TASK INSTRUCTIONS - From the listing below, restate word for word the lines from the line containing "Golden air fried" down through the line containing "МО РФ сообщило". Exclude pictures.

-- MATERIAL PROVIDED follows --

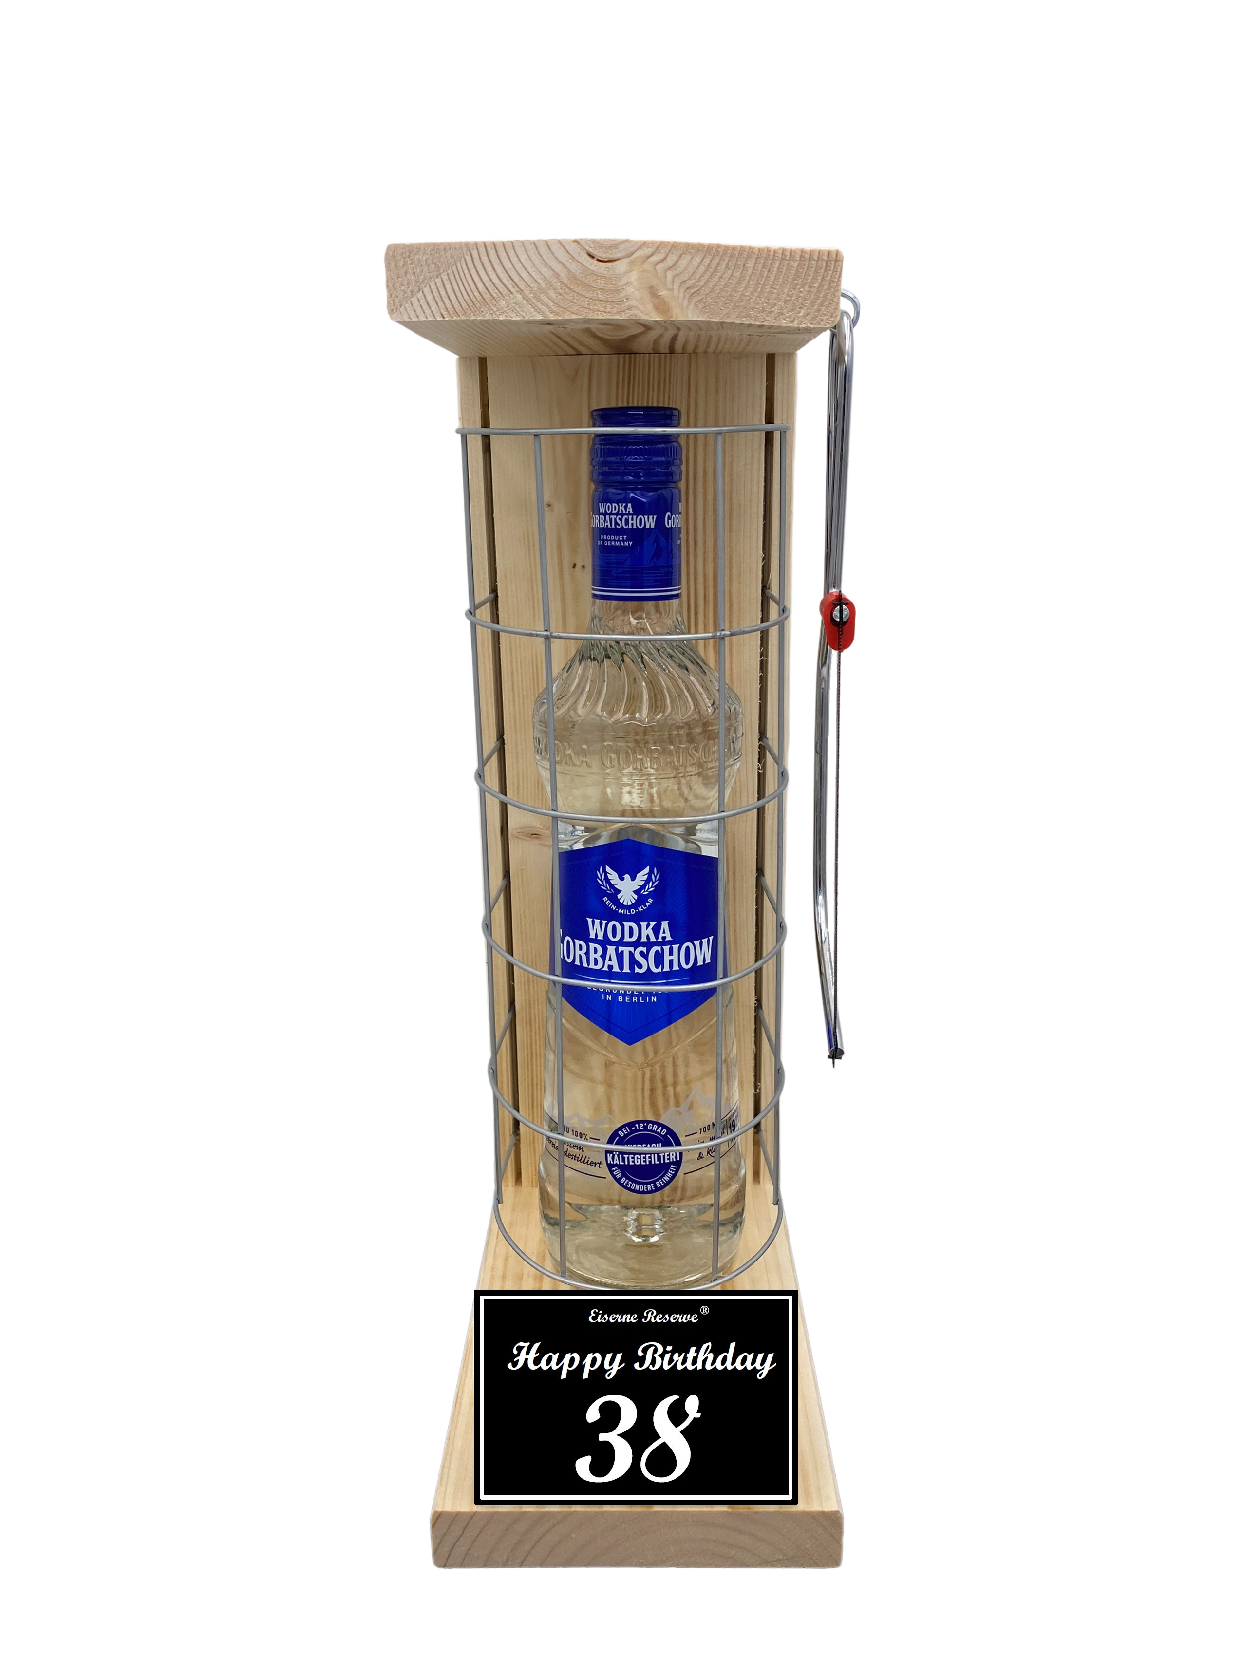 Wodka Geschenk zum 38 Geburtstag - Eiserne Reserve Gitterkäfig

-- MATERIAL PROVIDED concluded --
-- MATERIAL PROVIDED follows --

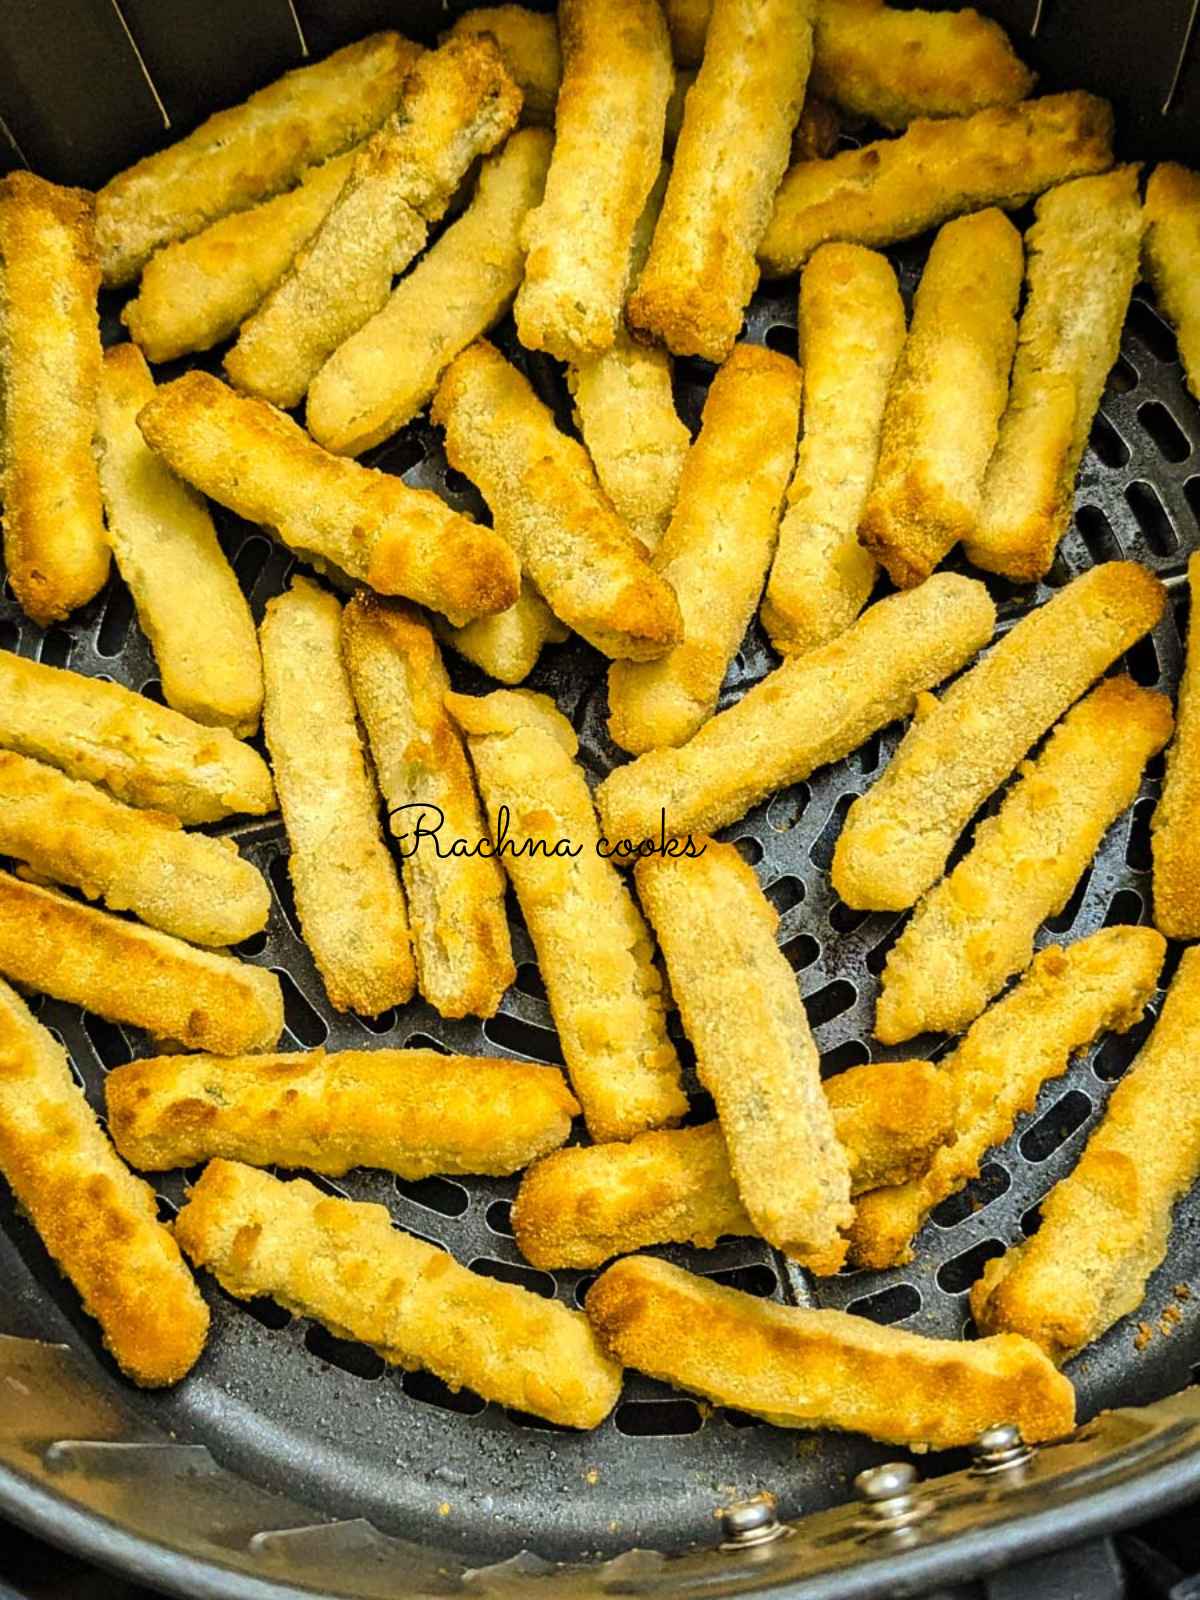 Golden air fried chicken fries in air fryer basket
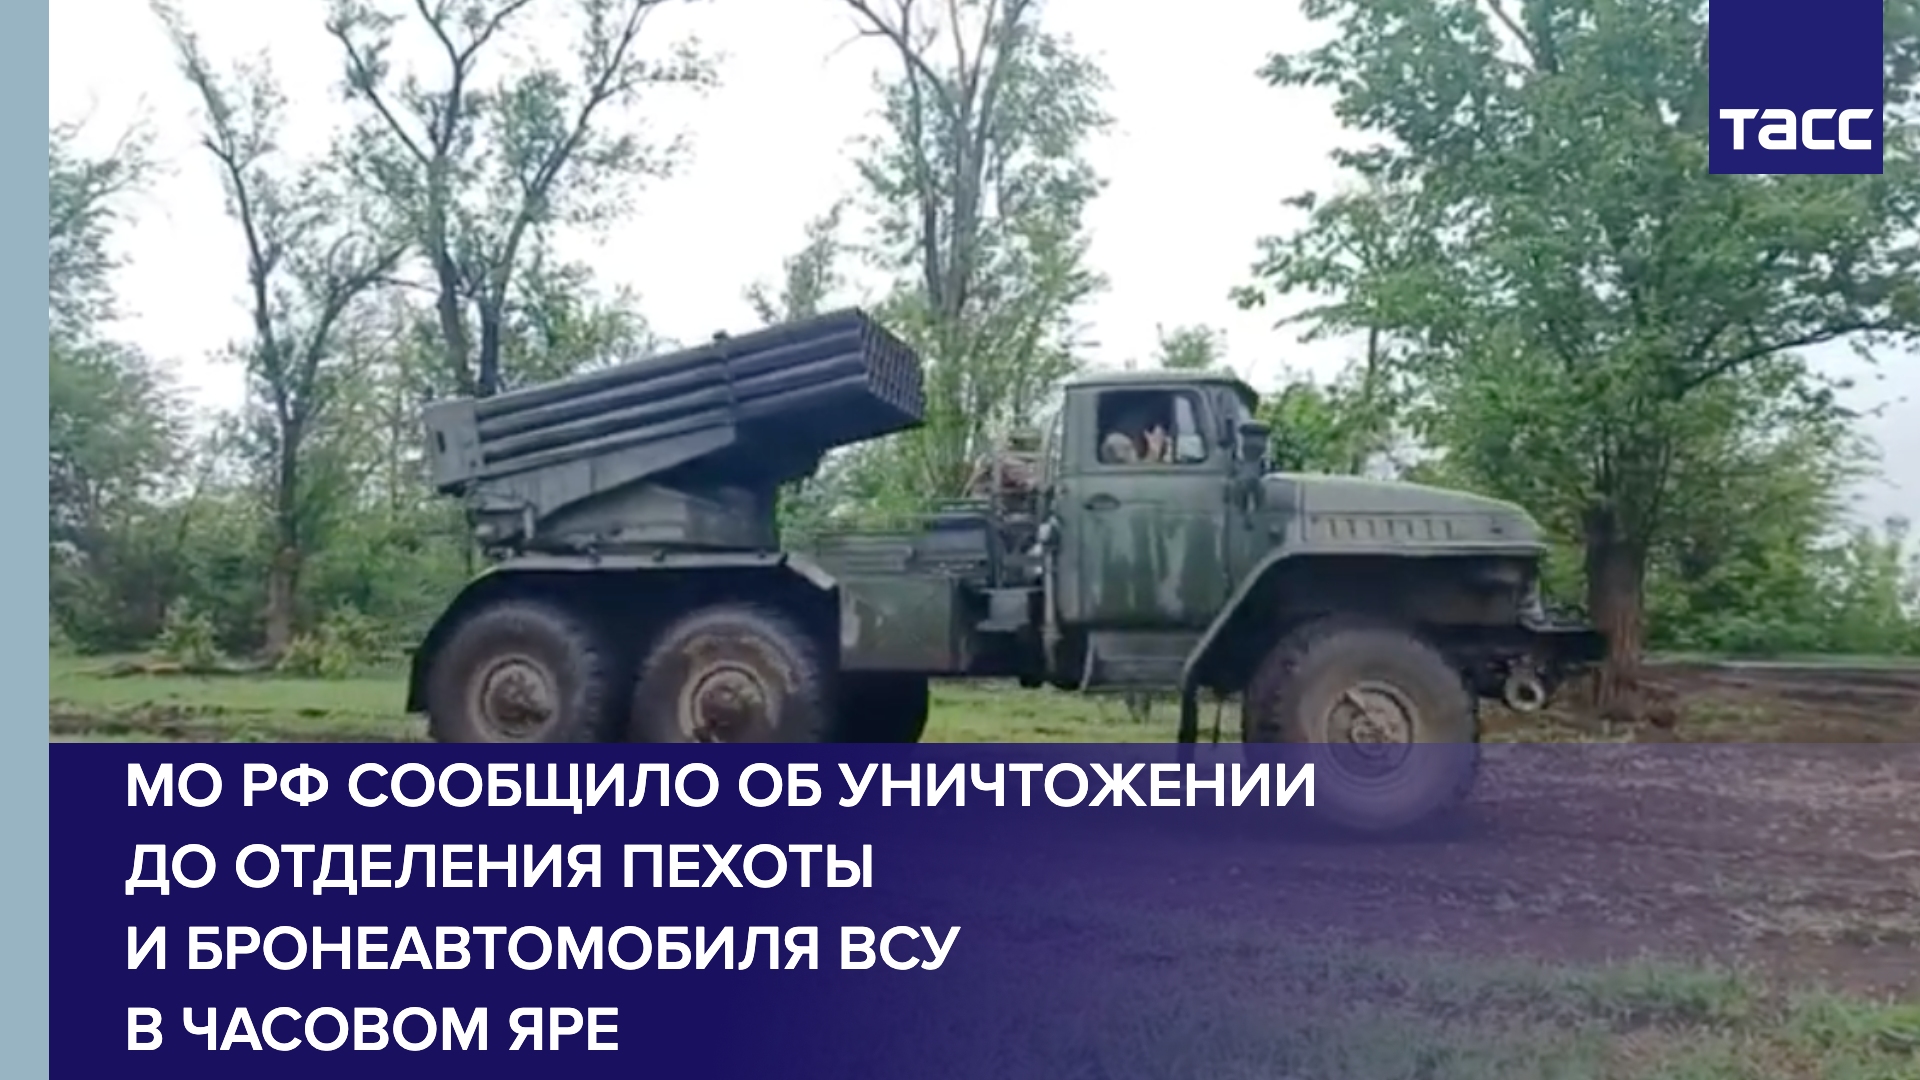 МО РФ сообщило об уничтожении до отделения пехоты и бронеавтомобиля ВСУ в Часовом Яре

-- MATERIAL PROVIDED concluded --

ANSWER BELOW -
 Golden air fried chicken fries in air fryer basket
 МО РФ сообщило об уничтожении до отделения пехоты и бронеавтомобиля ВСУ в Часовом Яре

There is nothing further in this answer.